(EXERCISE INPUTS begins)

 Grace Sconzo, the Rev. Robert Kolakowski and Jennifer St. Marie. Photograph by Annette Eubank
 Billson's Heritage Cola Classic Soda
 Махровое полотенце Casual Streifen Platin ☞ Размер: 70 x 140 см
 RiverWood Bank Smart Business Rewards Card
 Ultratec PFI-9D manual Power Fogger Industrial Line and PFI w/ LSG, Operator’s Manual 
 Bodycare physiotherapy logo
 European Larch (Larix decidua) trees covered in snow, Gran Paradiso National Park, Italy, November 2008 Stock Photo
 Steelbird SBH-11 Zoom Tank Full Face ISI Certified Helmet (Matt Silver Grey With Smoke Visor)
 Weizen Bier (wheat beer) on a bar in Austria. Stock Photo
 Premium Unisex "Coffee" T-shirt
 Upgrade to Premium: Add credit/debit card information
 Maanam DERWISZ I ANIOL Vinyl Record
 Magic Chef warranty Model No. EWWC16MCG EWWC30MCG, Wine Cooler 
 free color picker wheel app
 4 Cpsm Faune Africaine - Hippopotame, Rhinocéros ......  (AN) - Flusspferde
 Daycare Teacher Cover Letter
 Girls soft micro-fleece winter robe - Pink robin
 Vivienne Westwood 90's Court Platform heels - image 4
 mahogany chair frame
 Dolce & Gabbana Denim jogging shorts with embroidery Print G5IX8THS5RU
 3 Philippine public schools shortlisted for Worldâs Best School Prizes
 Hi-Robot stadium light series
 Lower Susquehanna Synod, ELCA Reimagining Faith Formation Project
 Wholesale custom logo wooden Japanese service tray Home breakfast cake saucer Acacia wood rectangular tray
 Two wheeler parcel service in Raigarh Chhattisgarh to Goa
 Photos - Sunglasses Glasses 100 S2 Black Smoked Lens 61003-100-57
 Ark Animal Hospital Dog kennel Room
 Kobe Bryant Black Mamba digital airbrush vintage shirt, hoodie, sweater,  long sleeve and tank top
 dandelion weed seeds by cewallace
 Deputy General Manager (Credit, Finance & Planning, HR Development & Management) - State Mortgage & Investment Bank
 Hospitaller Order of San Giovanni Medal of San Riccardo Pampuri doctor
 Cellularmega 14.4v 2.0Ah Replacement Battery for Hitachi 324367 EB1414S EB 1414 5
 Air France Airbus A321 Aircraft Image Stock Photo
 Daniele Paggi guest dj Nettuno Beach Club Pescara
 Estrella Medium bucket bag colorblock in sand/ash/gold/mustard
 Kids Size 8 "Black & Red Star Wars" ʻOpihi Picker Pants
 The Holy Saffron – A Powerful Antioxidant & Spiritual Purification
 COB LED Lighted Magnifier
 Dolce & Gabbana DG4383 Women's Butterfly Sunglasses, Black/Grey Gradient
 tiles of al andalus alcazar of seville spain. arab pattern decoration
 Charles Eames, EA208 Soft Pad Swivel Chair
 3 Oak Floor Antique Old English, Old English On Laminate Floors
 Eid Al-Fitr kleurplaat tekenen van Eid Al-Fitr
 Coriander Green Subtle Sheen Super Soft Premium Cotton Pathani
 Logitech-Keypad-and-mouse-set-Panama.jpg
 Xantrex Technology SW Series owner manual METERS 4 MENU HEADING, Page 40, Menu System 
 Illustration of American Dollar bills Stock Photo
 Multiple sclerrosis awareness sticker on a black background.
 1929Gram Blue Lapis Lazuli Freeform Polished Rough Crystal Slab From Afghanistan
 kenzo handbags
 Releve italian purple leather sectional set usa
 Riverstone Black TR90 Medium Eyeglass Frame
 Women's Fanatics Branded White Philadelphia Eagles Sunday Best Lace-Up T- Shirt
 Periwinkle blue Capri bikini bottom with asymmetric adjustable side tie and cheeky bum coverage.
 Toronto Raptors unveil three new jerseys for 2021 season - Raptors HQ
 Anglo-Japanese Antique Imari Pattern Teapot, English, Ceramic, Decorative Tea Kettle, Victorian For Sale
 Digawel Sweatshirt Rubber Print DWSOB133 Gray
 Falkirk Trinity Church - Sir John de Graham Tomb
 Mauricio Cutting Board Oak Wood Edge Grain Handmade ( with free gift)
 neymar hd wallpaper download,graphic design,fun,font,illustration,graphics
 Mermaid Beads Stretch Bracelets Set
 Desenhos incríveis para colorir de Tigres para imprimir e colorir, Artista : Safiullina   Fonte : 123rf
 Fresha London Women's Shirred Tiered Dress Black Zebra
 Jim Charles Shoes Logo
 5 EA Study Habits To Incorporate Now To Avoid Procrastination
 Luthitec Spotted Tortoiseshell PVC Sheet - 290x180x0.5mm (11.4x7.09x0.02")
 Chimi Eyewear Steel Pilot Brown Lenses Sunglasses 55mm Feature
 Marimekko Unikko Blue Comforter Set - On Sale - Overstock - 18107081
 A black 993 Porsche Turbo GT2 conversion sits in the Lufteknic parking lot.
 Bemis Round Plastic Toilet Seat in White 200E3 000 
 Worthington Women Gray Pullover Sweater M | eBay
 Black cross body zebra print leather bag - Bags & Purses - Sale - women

(EXERCISE INPUTS ends)

Taking every line of the records above into account, tally those that contain "Medium" and give only the total.

2